Nathan Gilmour chats a spell with David Grubbs and Michial Farmer about Psalm 119. The trio ranges from the literary form of the verse to the ways that the Psalm has shaped the identities of monks and fundamentalists, landing eventually on some pedagogical speculation.

2 thoughts on “The Christian Humanist Podcast, Episode #146: Psalm 119”
  1. A minoe correction.  Nathan’s description of hexameter was pretty accurate.
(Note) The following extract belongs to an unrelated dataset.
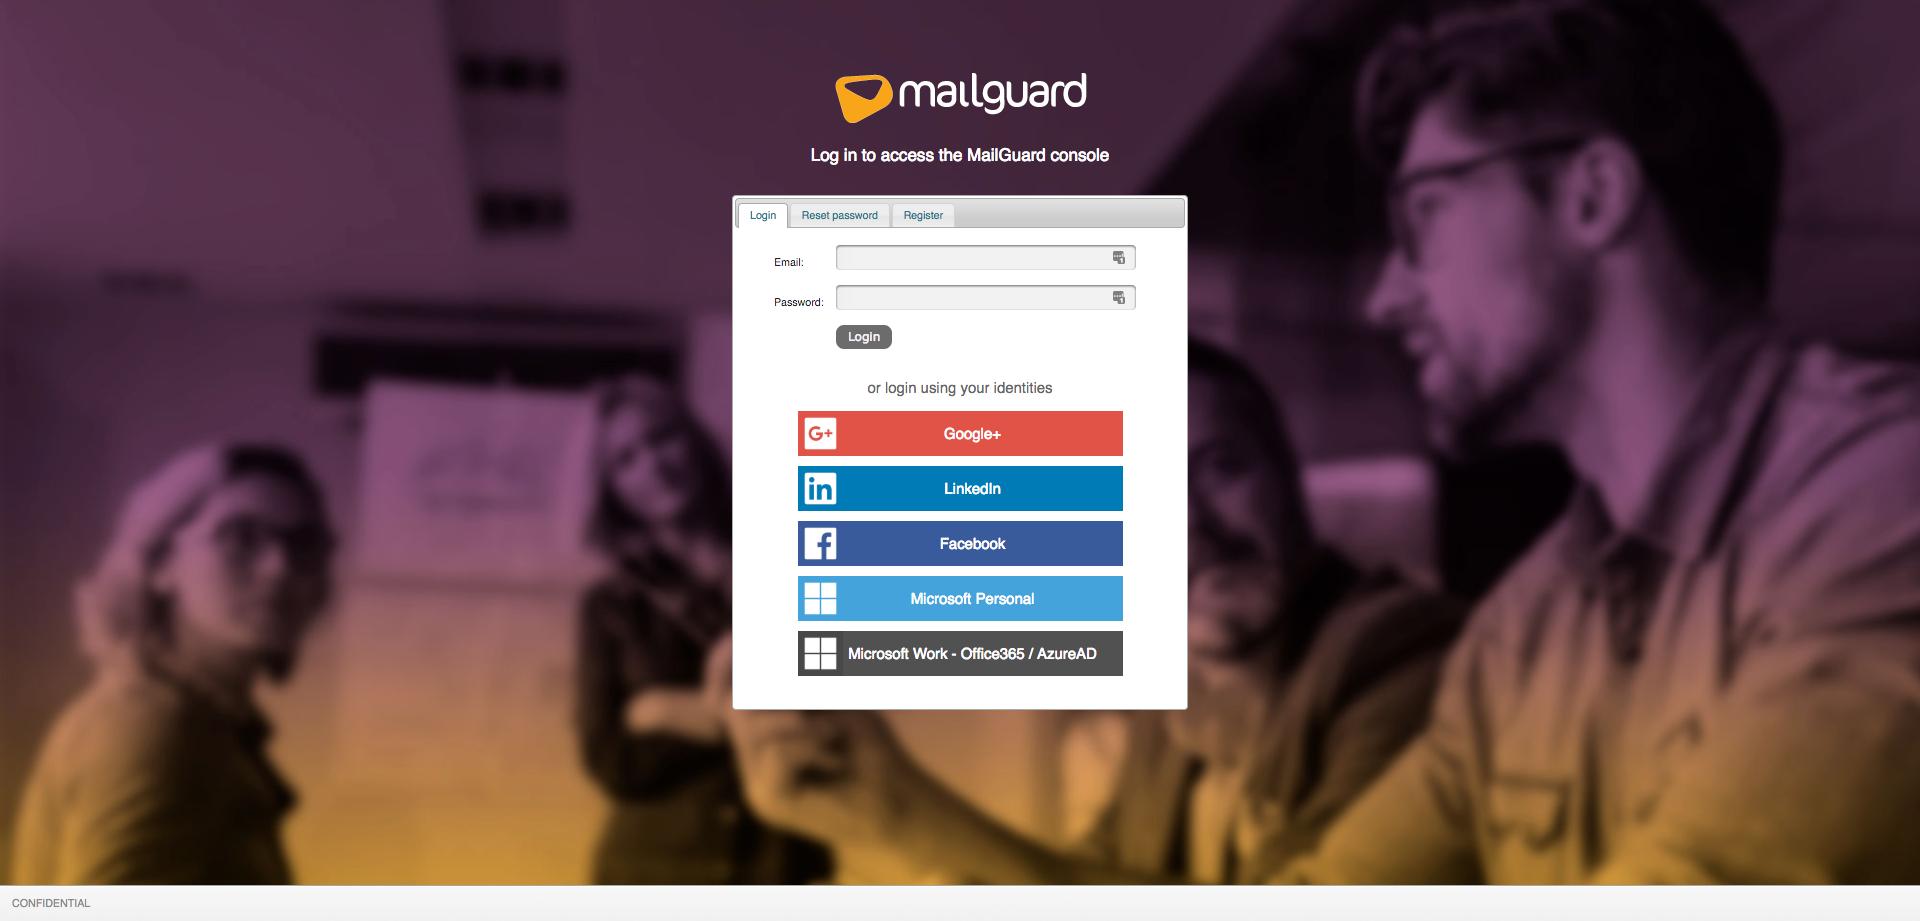 screencapture-console-mailguard
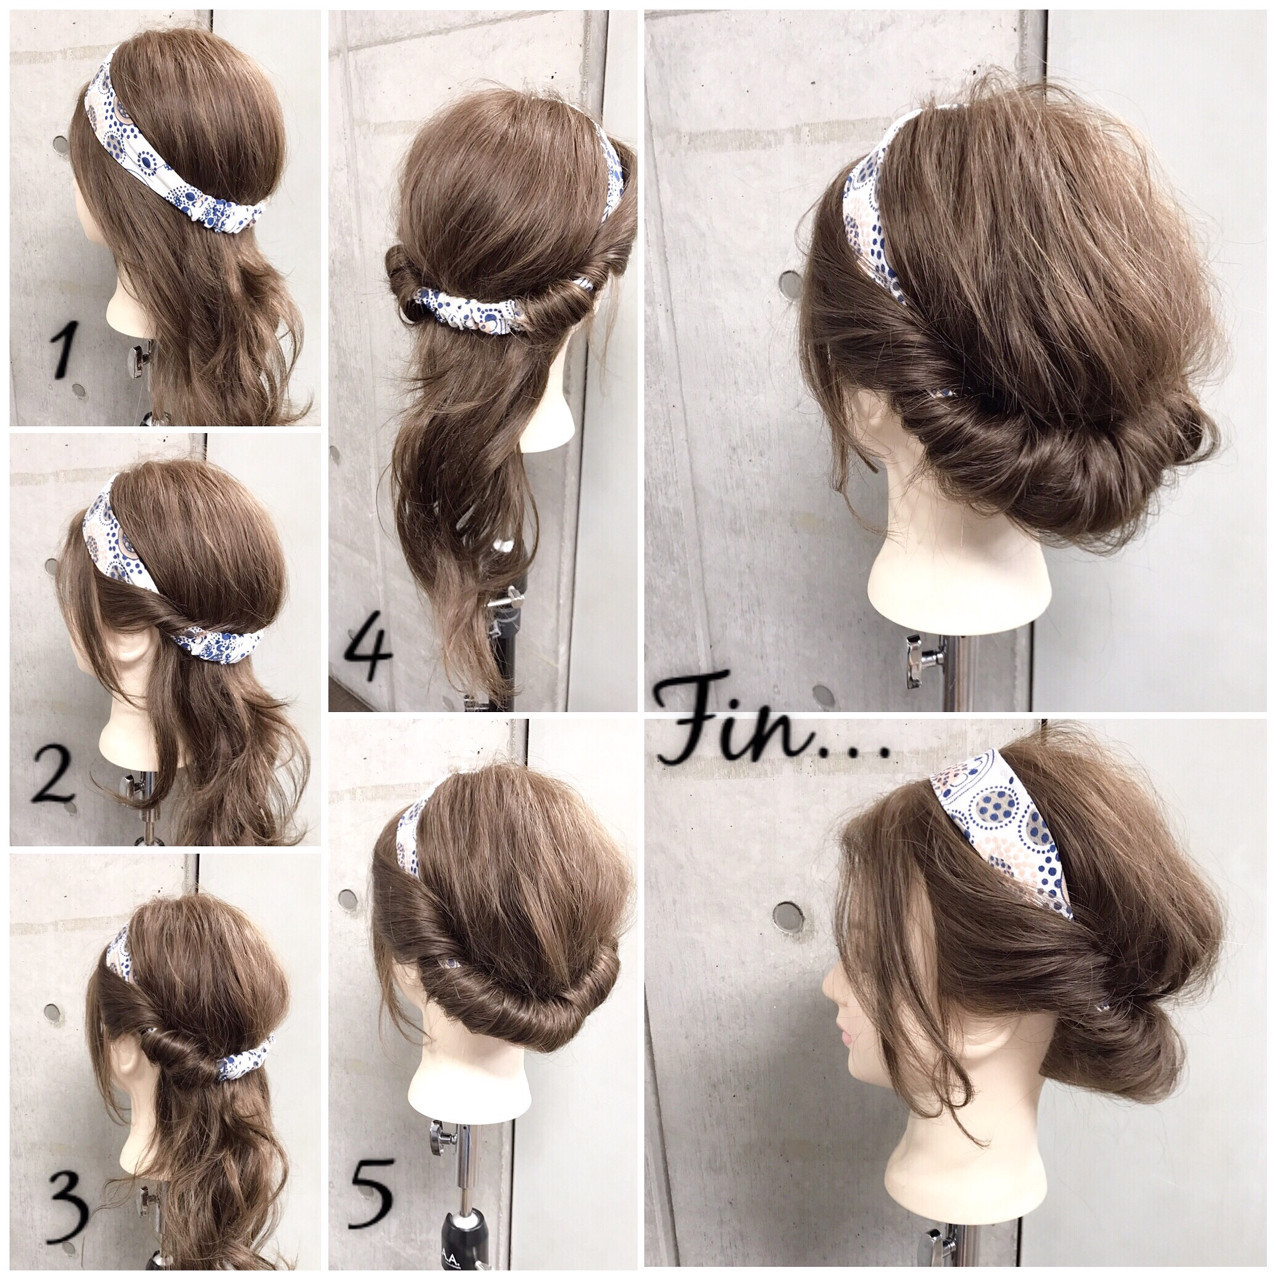 ギブソンタック セミロング 簡単ヘアアレンジ 女子会 ヘアスタイルや髪型の写真・画像

It’s not true, however, that each line has six long syllables, but six feet, since any sequence of short-short in the first 5 feet can be replaced by a single long-syllable.  That substitution affords the poet quite a bit of freedom in his line, even though the dactylic rhythm (dum-diddy) predominates.

    Rodney Merrill has translated the Iliad and Odyssey into English hexameter verse.  Even though our verse forms are based on stress instead of vowel-length, it still gives you a pretty good feel for the hexameter (as someone who’s read a lot of Homer aloud in Greek, I can say that Merrill’s rhythm feels quite familiar).  Anyone who’d like a sample of what the hexameter sounds like in English can go here:

  2. Another edifying episode.  Thank you!  Regarding the use of psalms in worship services in the Orthodox Presbyterian Church (OPC).  There is a broad distribution of usage in the OPC.  Some churches will only sing songs based on the psalter (psalms in English put to music) and with no instruments.  These churches are a lot like the RPCNA (Reformed Presbyterian Church in North America).  All you get is a pitch-pipe and a psalm when it comes to music and worshipping God through singing.  Personally I am not convinced that the New Testament Church is to worship Christ only in the types and shadows that are found in the Book of Psalms.  Psalms are important.  Psalms are beautiful.  Psalms are for Christians today.  But we have God’s people in both Old and New Testaments singing praises to God with new songs, hymns, and spiritual songs.  And Christ has come.  The fullness of God’s revelation has come in Christ.  We have the realty that the psalms spoke of only in the types and shadows of the Old Testament (with respect to the Messiah and his particular mission / ministry).  I’d say that the OPC churches that practice “exclusive psalmody”are in the minority.

    The vast majority of OPC churches use the psalms frequently in worship, including preaching sermons from the Book of Psalms.  However, they don’t use them exclusively when it comes to singing in worship. Also, it is not uncommon for a presbytery to assign a psalm as the preaching text for a candidate for ministry during examinations.  They want to see if that candidate can preach Christ out of the Old Testament.  The OPC is also working with the United Reformed Church in North America (URCNA) on a new psalter-hymnal for publication and use in worship services.  The psalter portion is complete.  Now they are working on what hymns will be included.

    My particular OPC church uses psalms on a weekly basis throughout the service.  Typically we receive a call to worship by the minister reading a psalm or verses from a psalm (e.g., Psalm 95:6).  That is followed by the Gloria Patri, and after we sign the G.P. we have an Apostolic greeting that is a responsive reading that uses a NT epistle and an excerpt of a psalm (e.g., 1 Corinthians 1:3 followed by Psalm 67:1-2).  We use the (red) Trinity Hymnal which has a lot of songs that are psalms put to music and we frequently sing these songs though not exclusively.

    Thanks for spending time to mine some nuggets out of Psalm 119.